PathCo-LatticE: Pathology-Constrained Lattice-Of Experts Framework for Fully-supervised Few-Shot Cardiac MRI Segmentation
This addresses the challenge of zero-shot generalization in medical imaging for clinicians and researchers, offering a novel approach that reduces reliance on labeled data while being incremental in its integration of synthetic supervision.
The paper tackled the problem of data scarcity in cardiac MRI segmentation by proposing a fully supervised few-shot learning framework that uses pathology-guided synthetic supervision, achieving a 4.2-11% Dice improvement over state-of-the-art methods with only 7 labeled anchors and approaching fully supervised performance with 19 anchors.
Few-shot learning (FSL) mitigates data scarcity in cardiac MRI segmentation but typically relies on semi-supervised techniques sensitive to domain shifts and validation bias, restricting zero-shot generalizability. We propose PathCo-LatticE, a fully supervised FSL framework that replaces unlabeled data with pathology-guided synthetic supervision. First, our Virtual Patient Engine models continuous latent disease trajectories from sparse clinical anchors, using generative modeling to synthesize physiologically plausible, fully labeled 3D cohorts.
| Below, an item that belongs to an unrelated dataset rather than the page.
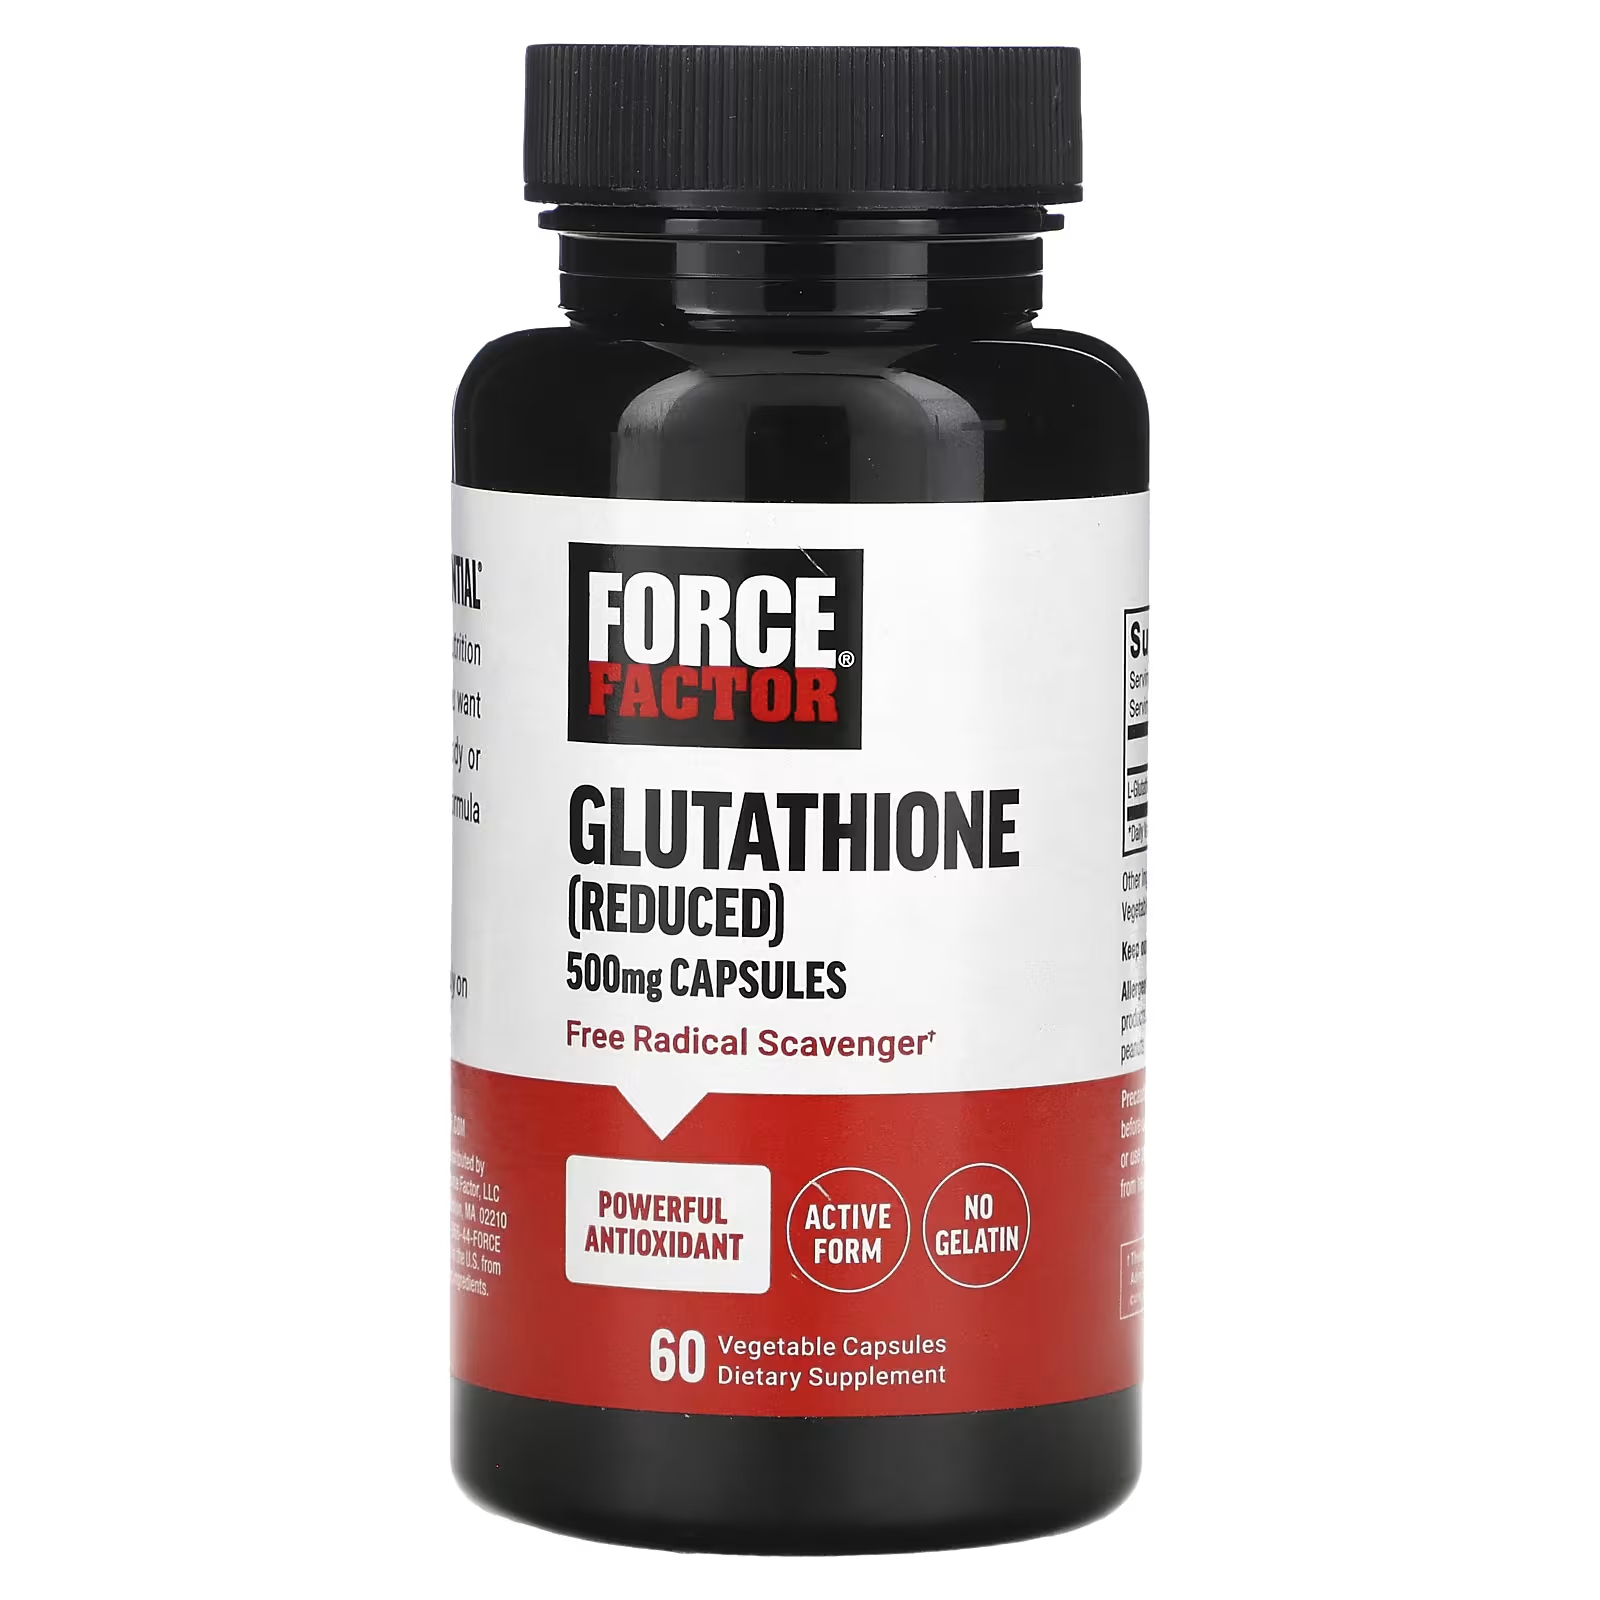 Force Factor Глутатион (восстановленный) 500 мг, 60 растительных капсул force factor кордицепс 500 мг 60 капсул
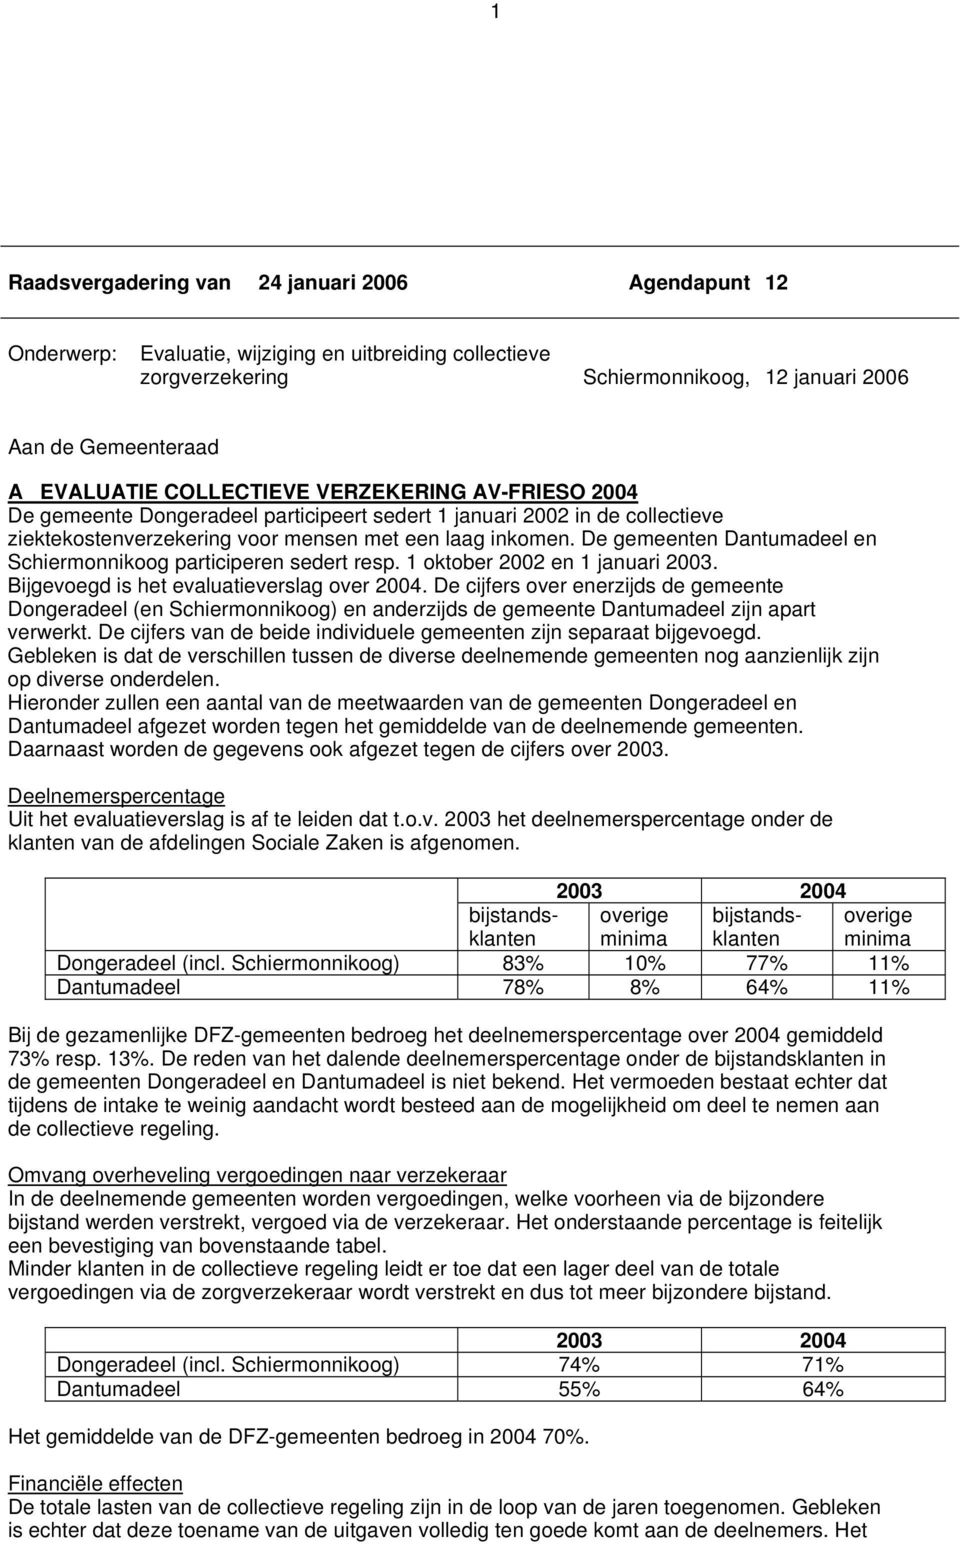 De gemeenten Dantumadeel en Schiermonnikoog participeren sedert resp. 1 oktober 2002 en 1 januari 2003. Bijgevoegd is het evaluatieverslag over 2004.

Second, Self-Reinforcing Interleaved Validation (SIV) provides a leakage-free protocol that evaluates models online with progressively challenging synthetic samples, eliminating the need for real validation data. Finally, a dynamic Lattice-of-Experts (LoE) organizes specialized networks within a pathology-aware topology and activates the most relevant experts per input, enabling robust zero-shot generalization to unseen data without target-domain fine-tuning. We evaluated PathCo-LatticE in a strict out-of-distribution (OOD) setting, deriving all anchors and severity statistics from a single-source domain (ACDC) and performing zero-shot testing on the multi-center, multi-vendor M&Ms dataset. PathCo-LatticE outperforms four state-of-the-art FSL methods by 4.2-11% Dice starting from only 7 labeled anchors, and approaches fully supervised performance (within 1% Dice) with only 19 labeled anchors. The method shows superior harmonization across four vendors and generalization to unseen pathologies. [Code will be made publicly available].